Öncelikle krizle birlikte işsizliğin dünyada nasıl bir seyir izlediğini ele alalım. Dünya Çalışma Örgütü (ILO)’nün istatistiklerine göre 2009’da işsizlik, gelişmiş ülkelerde %40’ın üzerinde bir artış gösterirken; OECD ülkelerinin yanı sıra Avro Bölgesi’nde %10 civarına ulaştı. Bu, 57 milyon insana tekabül ediyor. ABD’de Ekim ayında %10’ları aşan işsizlik, 2009’u %9,3 ile tamamladı. Avrupa ekonomisinin amiral gemileri olan Almanya ve Fransa’da işsizlik sırasıyla %7 ve %10 olurken, İngiltere’de ise %8’e ulaştı. Genç nüfustaki işsizlik sorunu çok daha ciddi; birçok ülkede oranlar %20’lerin üzerine çıkıyor. Dünya ekonomik çıktısının yarıdan fazlasını üreten gelişmiş ülkeler için tarihî rekorlar olan bu oranlar, küresel sistemin ne kadar içinden çıkılması güç bir tıkanıklık yaşadığının da en önemli göstergesi. Zaten %5-10 aralığında bir işsizlik oranına alışmış gelişmekte olan piyasalarda ise işsizlikteki değişim diğerleri kadar yüksek olmasa da, krizle birlikte sorun daha üst düzeylere taşınmış durumda.
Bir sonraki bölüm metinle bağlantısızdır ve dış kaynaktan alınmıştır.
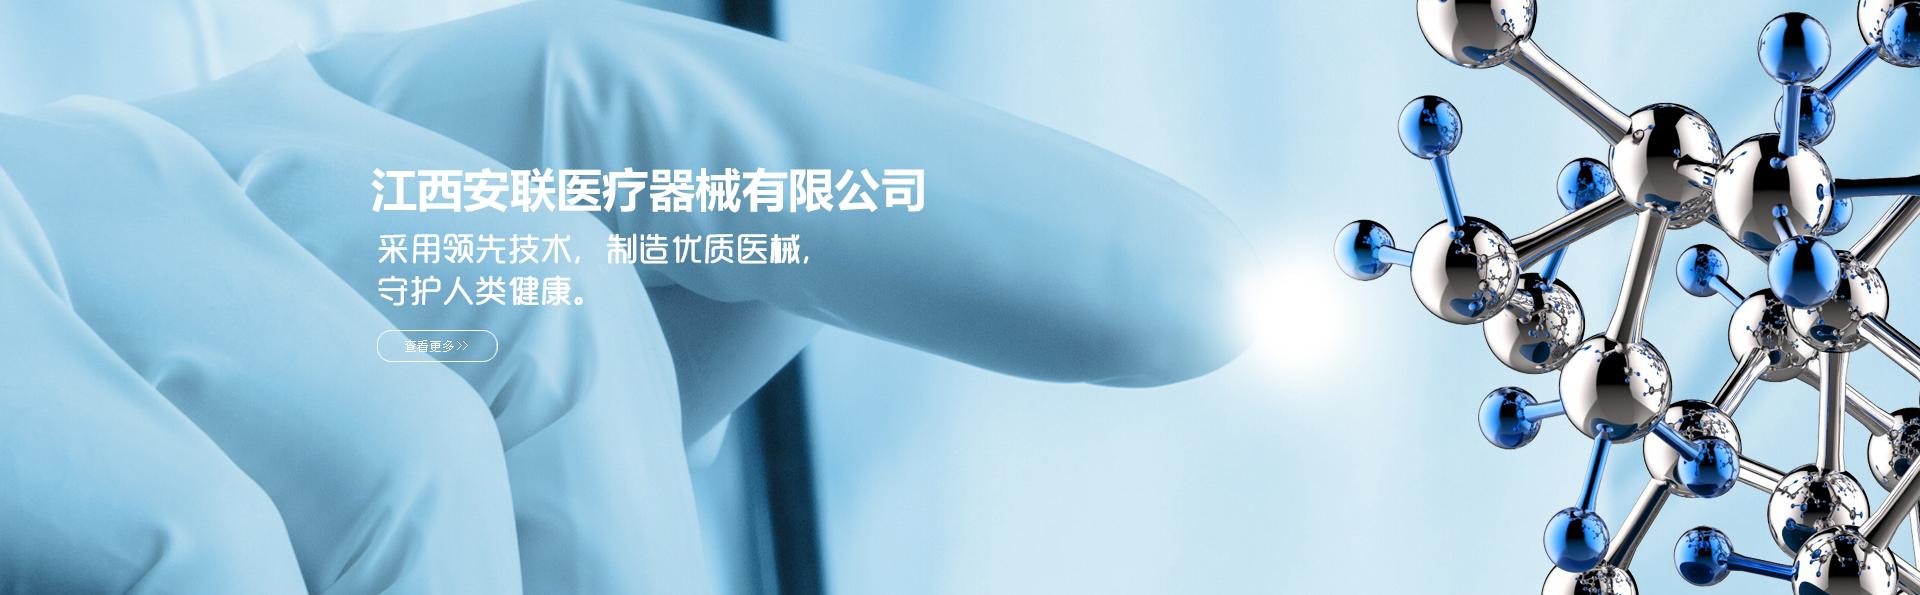 江西安联医疗器械有限公司

ILO verilerine dayanılarak yapılan basit bir eğilim analizi, işsizlik rakamlarının krizden arındırılarak okunabilmesi adına önemli ipuçları veriyor. Buna göre krizle birlikte, gelişmiş ve gelişmekte olan 15 ülkede işsizlik oranları ortalama 2-3 puan, ABD’de ise 4 puan artmış durumda. Bu rakamlara dayanarak, krizin atlatılmasının ardından Türkiye’de işsizliğin yeniden %10-11 aralığına ineceğini söylemek mümkün. Türkiye özelinde asıl mesele, işsizliğin, neden %14-15’lere tırmandığından ziyade kriz şartları ortadan kalksa dahi neden bu kadar yüksek olduğudur. Bunun sebeplerini, 2002 sonrasında gerçekleştirilen kamu ekonomi yönetimi uygulamalarında ve özel sektörün iktisadi zihin yapısındaki dönüşümde aramak gerekir.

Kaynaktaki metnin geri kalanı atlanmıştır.